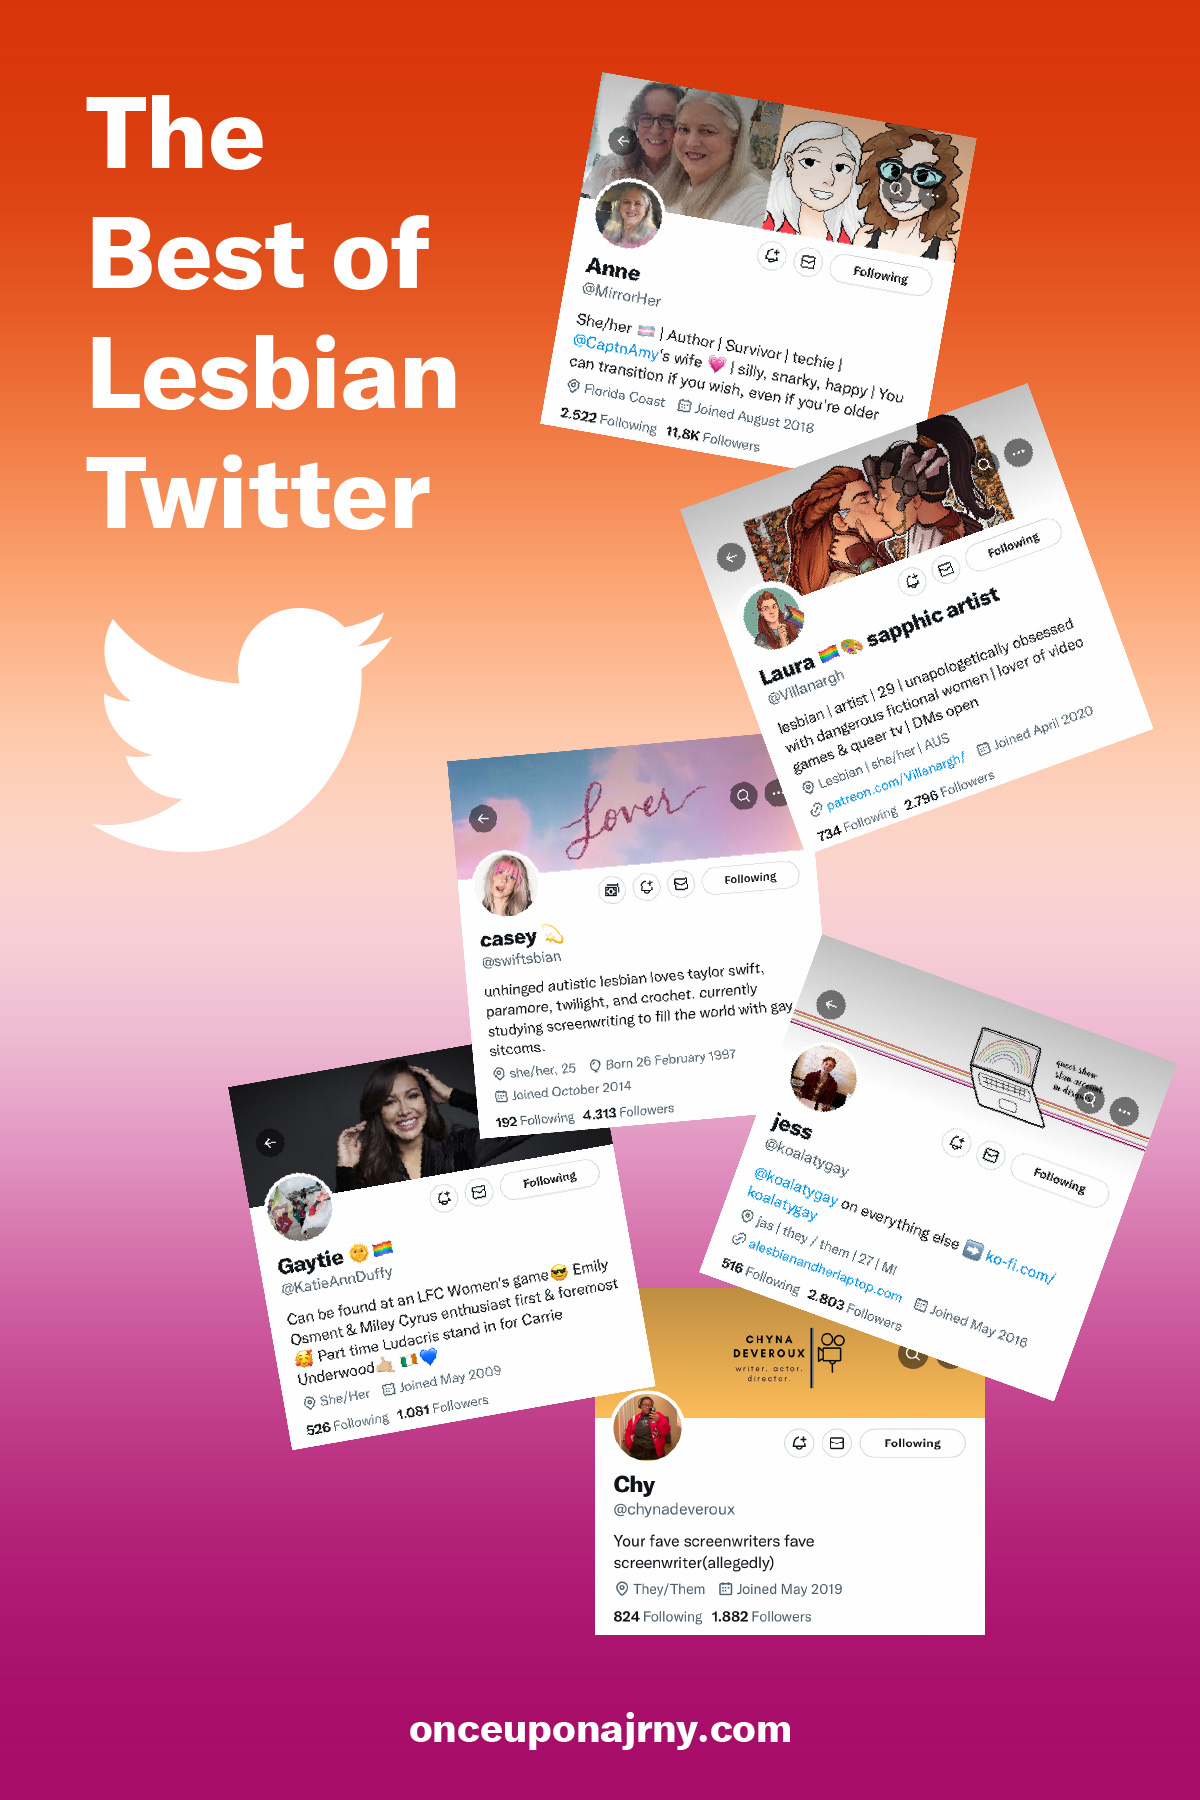 The Best of Lesbian Twitter onceuponajrny.com
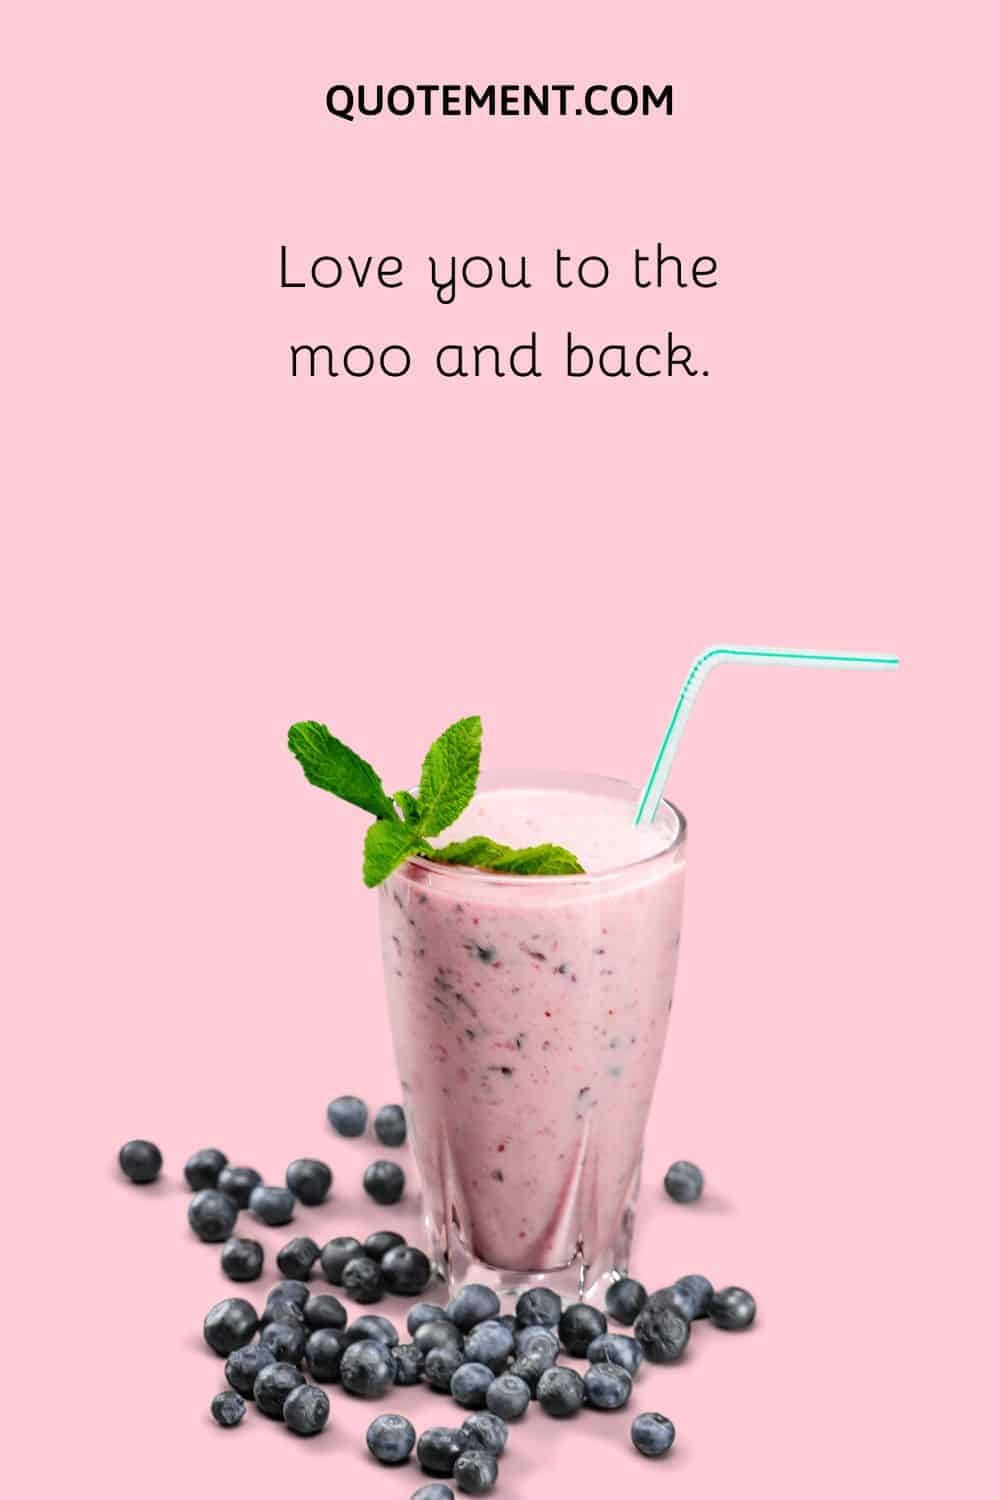 Love you to the moo and back.
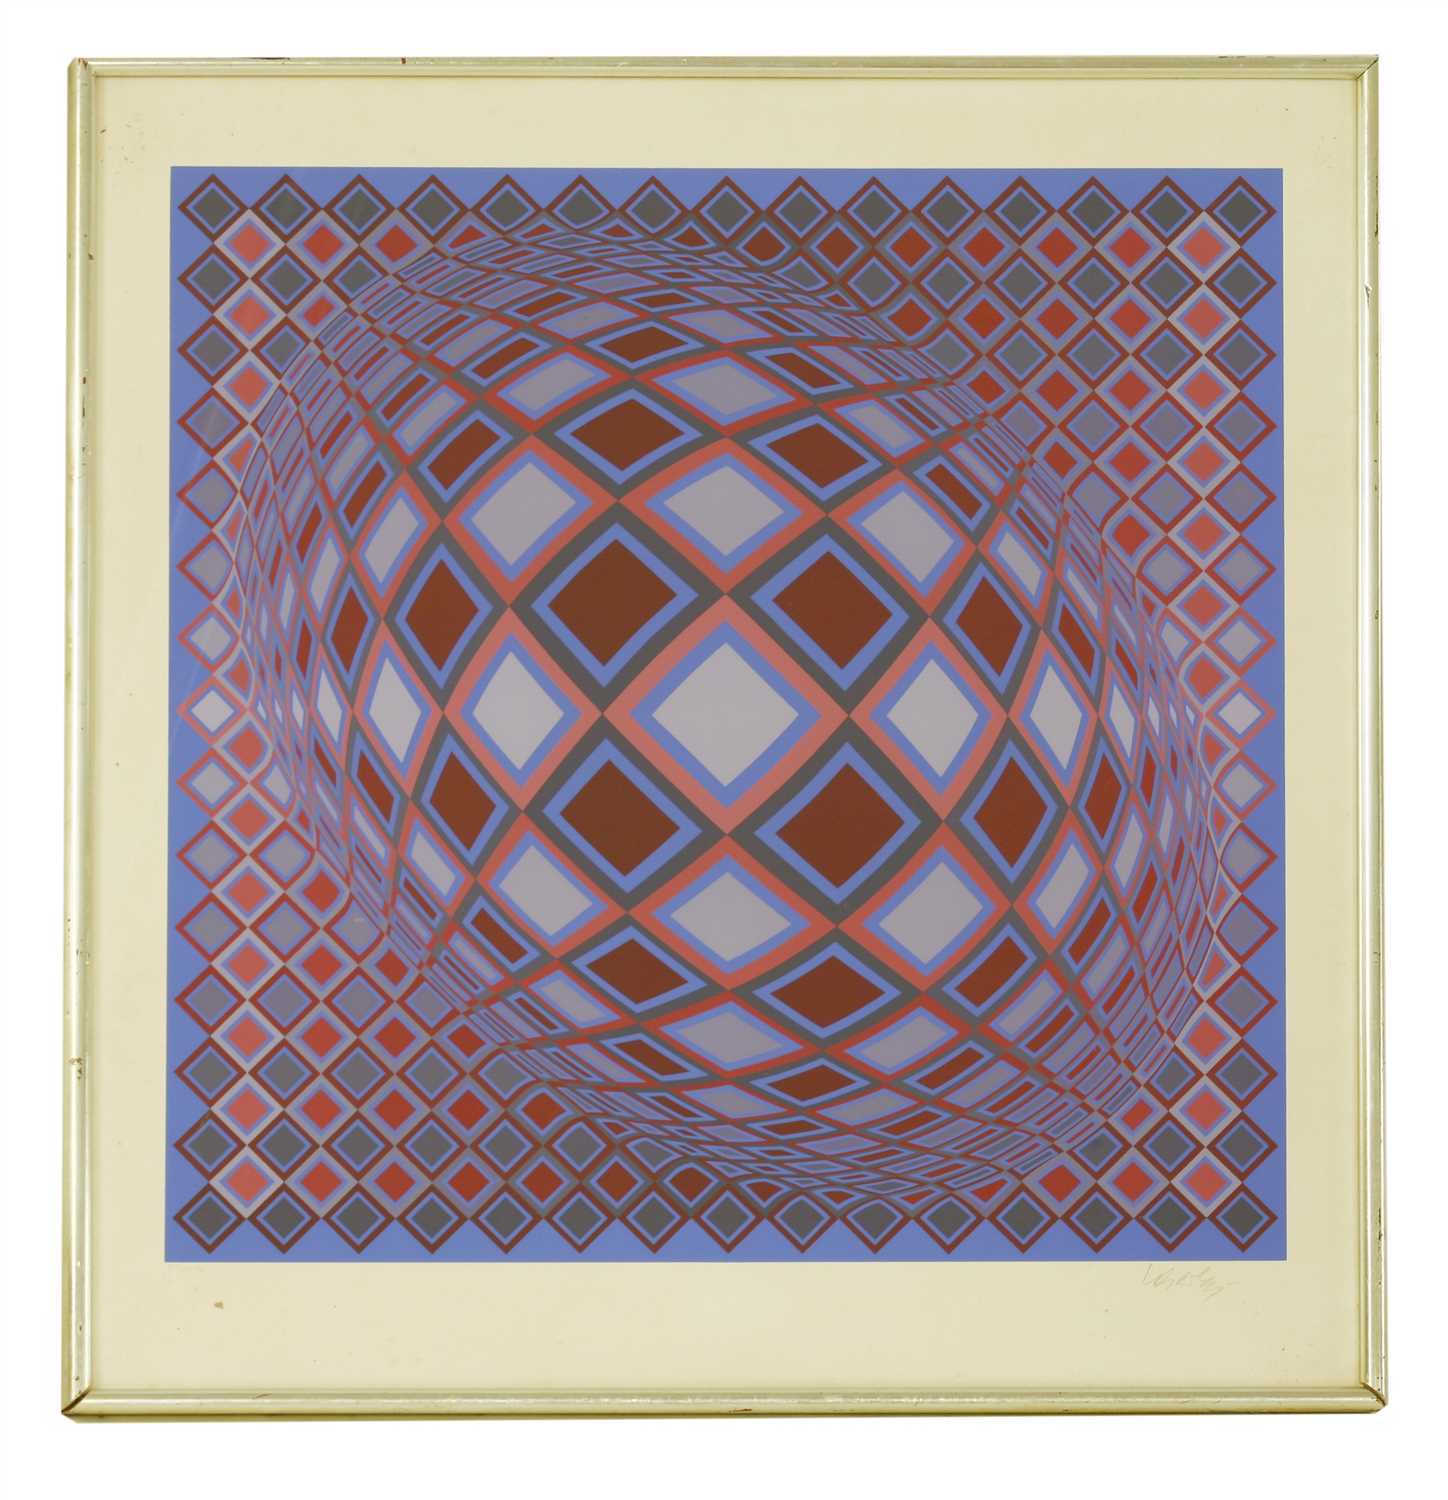 Lot 42 - Victor Vasarely (1906-1997)
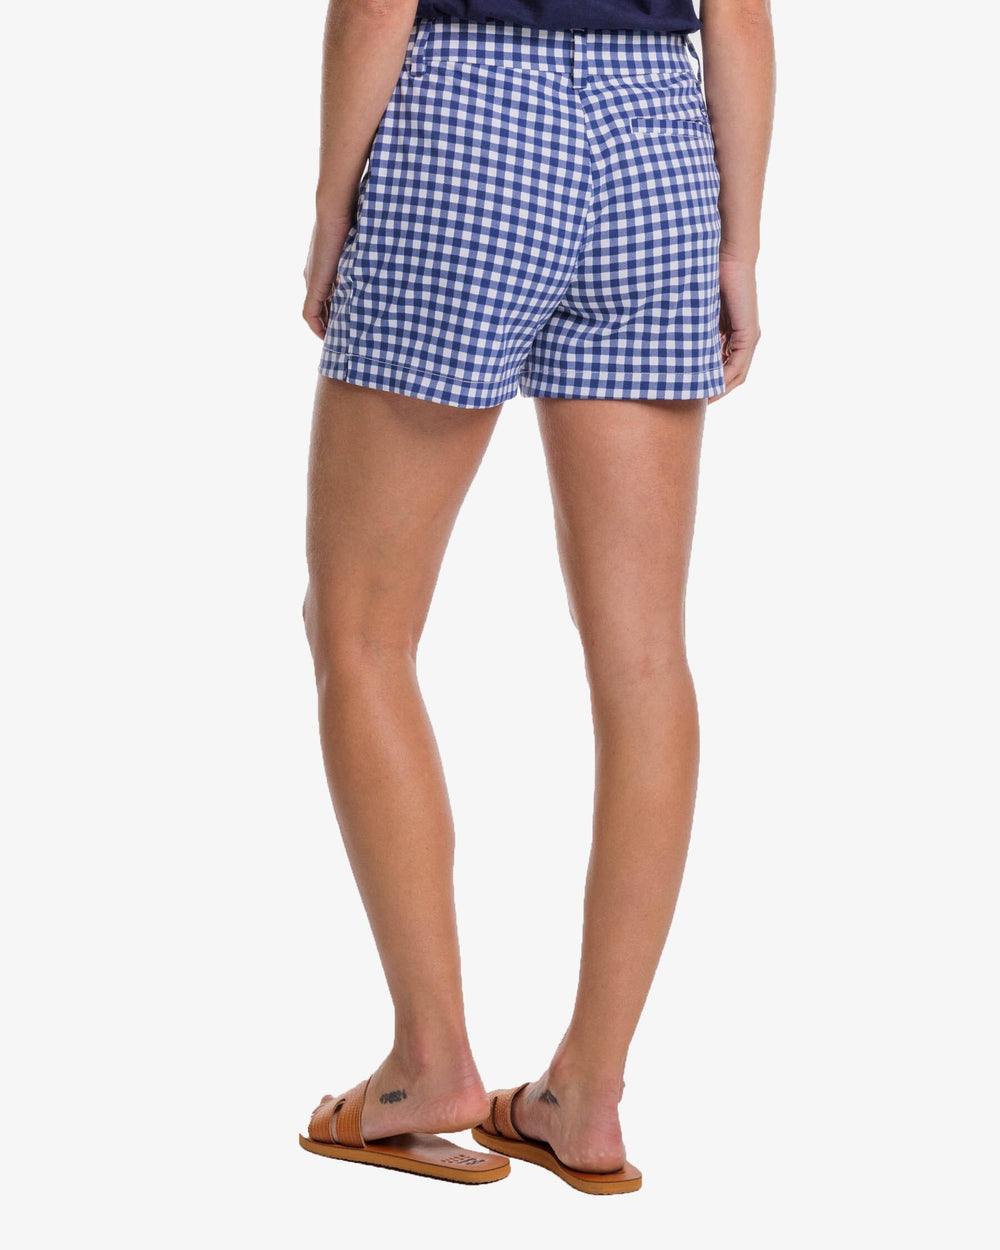 The back view of the Southern Tide Inlet Gingham Performance Short by Southern Tide - Nautical Navy

> [TASK OBJECTIVE]: Write the lines from the one containing "Lot 42 - Victor Vasarely (1906-1997)" through the end of the data above exactly as they appear, and do not carry over any picture.

> [ANSWER TO THE EXERCISE]:
 Lot 42 - Victor Vasarely (1906-1997)
 The back view of the Southern Tide Inlet Gingham Performance Short by Southern Tide - Nautical Navy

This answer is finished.